Hits: 309

Fatiha Fayza / Najla Khairani

Pijar, Medan. Tidak semua orang menggunakan media sosial untuk menyebarkan pesan perubahan, tetapi Sadam Permana Wijaya menjadikan platform tersebut sebagai sarana untuk menyampaikan gagasan dan edukasi publik. Sadam merupakan lulusan Fakultas Hukum Universitas Indonesia tahun 2023, dikenal melalui gaya debatnya yang tegas dan logis. Sapaan khasnya, yaitu “saudaraku” menjadi identitas yang melekat dalam setiap penampilannya di dunia maya maupun saat tampil di berbagai acara.
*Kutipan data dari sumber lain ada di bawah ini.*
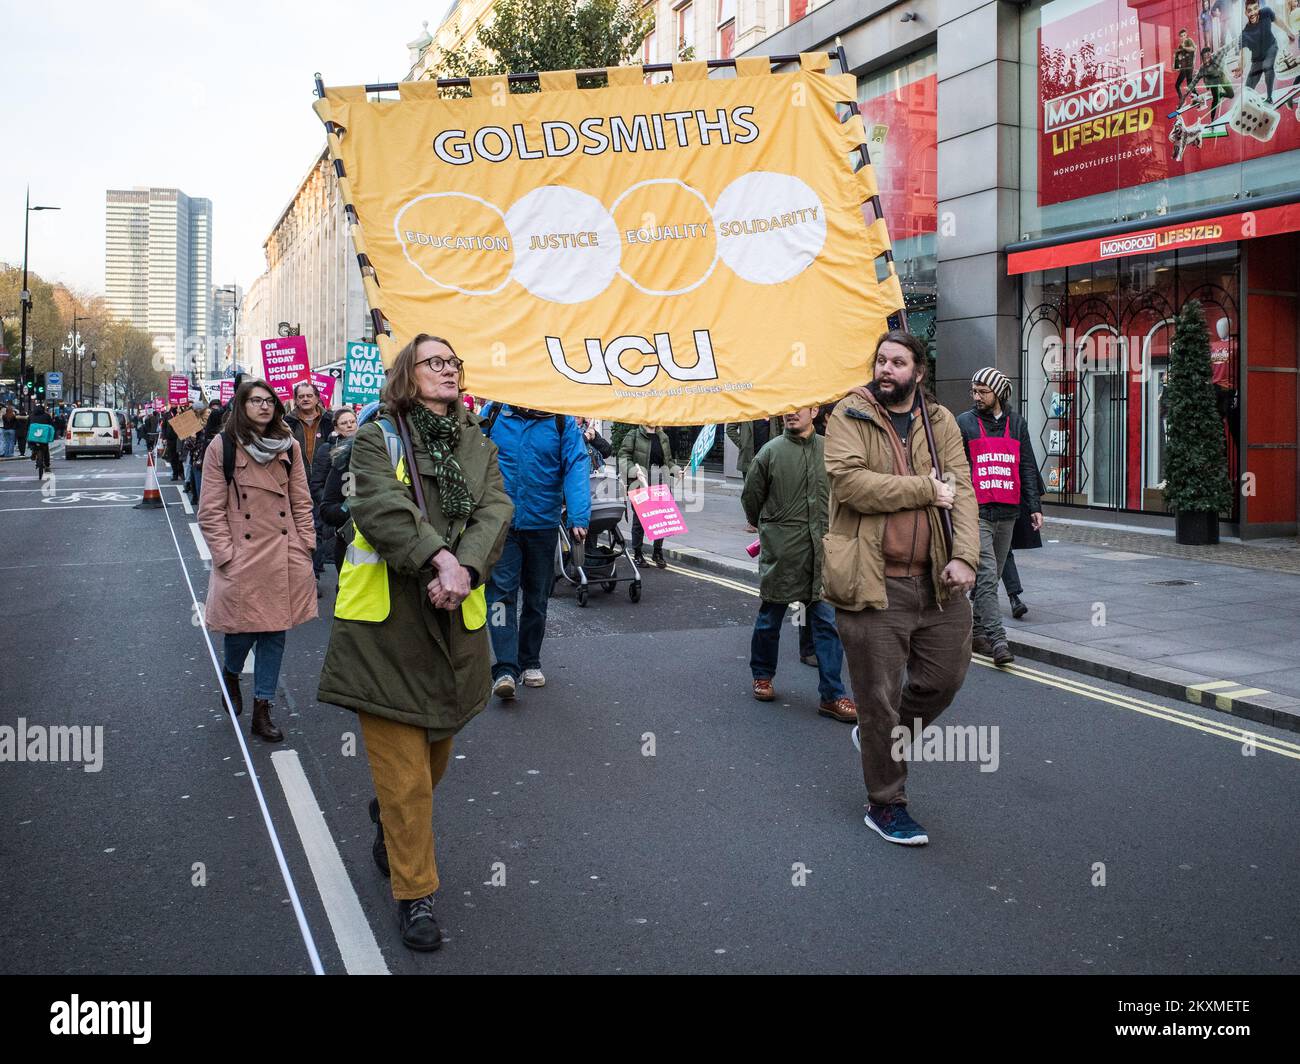 DIMOSTRAZIONE nazionale UCU 30/11/2022. Gli studenti marciano lungo Tottenham Court Road nel centro di Londra per chiedere una retribuzione più equa e diritti dei lavoratori per il personale. Foto Stock

Sadam mulai dikenal publik setelah konten video yang dibuatnya tentang debat, dengan melakukan beberapa interupsi, viral di media sosial TikTok. Potongan video tersebut menyebar luas dan menarik perhatian banyak pengguna. Sejak saat itu, ia aktif membagikan berbagai konten mulai dari wicara publik (public speaking), hingga yang berkaitan dengan kesadaran hukum, kesetaraan gender, serta perilaku sosial masyarakat. Ia juga beberapa kali diundang ke berbagai kampus untuk menjadi pembicara dalam seminar.

Sadam kembali ramai diperbincangkan setelah ia mengunggah video TikTok berisi imbauan agar perokok, tidak merokok di depan orang-orang yang non-perokok. Video tersebut viral dan telah ditonton lebih dari 42,9 juta kali. Unggahan tersebut memicu beragam tanggapan dari warganet, mulai dari dukungan hingga kritik.

Selain isu perilaku sosial, Sadam juga menyoroti kasus-kasus pelecehan seksual yang sering terjadi di lingkungan pendidikan dan dunia kerja. Dalam beberapa unggahannya, ia menekankan pentingnya keberanian korban untuk bersuara dan pentingnya penegakan hukum yang adil. Pandangan tersebut kerap mengundang diskusi hangat di kolom komentarnya.

Topik lain yang kerap muncul dalam kontennya adalah pendidikan bagi perempuan. Sadam menyoroti pandangan stereotip yang masih membatasi kesempatan perempuan untuk menempuh pendidikan tinggi, serta mendorong generasi muda untuk lebih terbuka terhadap kesetaraan.

“Aku laki laki dan aku akan sangat bangga, apabila pasanganku ingin mengejar kariernya setinggi mungkin,” tambahnya.

Lelaki Muslim keturunan Tionghoa-Minang ini juga membuat konten bernuansa religius. Baru-baru ini, ia membuat imbauan agar umat Muslim menormalisasikan salat lima waktu dan tidak mabuk. Ia sempat diundang menjadi salah satu pembicara dalam seminar gelar wicara (talkshow) Psycho-Syar’i di Universitas Sumatera Utara pada bulan Juni lalu.

Dalam acara tersebut, Sadam membagikan kisah perjalanan hidupnya termasuk pengalaman pribadi saat menghadapi masa-masa sulit, hingga awal mula ia membuat video debat yang kemudian viral di TikTok.

“Ketika kamu dihadapkan oleh suatu kondisi di mana kamu benci diri kamu sendiri, kamu hanya punya dua opsi. Pertama, kamu memilih untuk mendengar dan percaya semua kata-kata negatif yang ada di kepalamu, atau kamu memilih untuk mencari jalan keluar dari kata-katamu,” ucapnya.

Perjalanan Sadam di media sosial tidak selalu mulus. Akun TikTok miliknya sempat diblokir aksesnya (banned) karena salah satu kontennya yang dinilai melanggar pedoman komunitas (community guideline), hingga akhirnya ia membuat akun baru dan kembali aktif menyuarakan pendapatnya.

Meski menghadapi berbagai tantangan, Sadam tetap konsisten menggunakan media sosial sebagai ruang untuk menyebarkan pengetahuan dan mengasah kemampuan berpikir kritis masyarakat. Hingga kini, Sadam terus menggunakan media sosial untuk menyampaikan gagasan dan mengedukasi masyarakat melalui diskusi terbuka, seputar hukum, sosial, dan kehidupan sehari-hari.

Dikenal sebagai sosok yang rendah hati (humble) dan terbuka terhadap kritik, Sadam Permana menjadi contoh nyata generasi muda yang memanfaatkan media sosial bukan sekadar untuk hiburan, tetapi sebagai alat perubahan dan pemberdayaan masyarakat.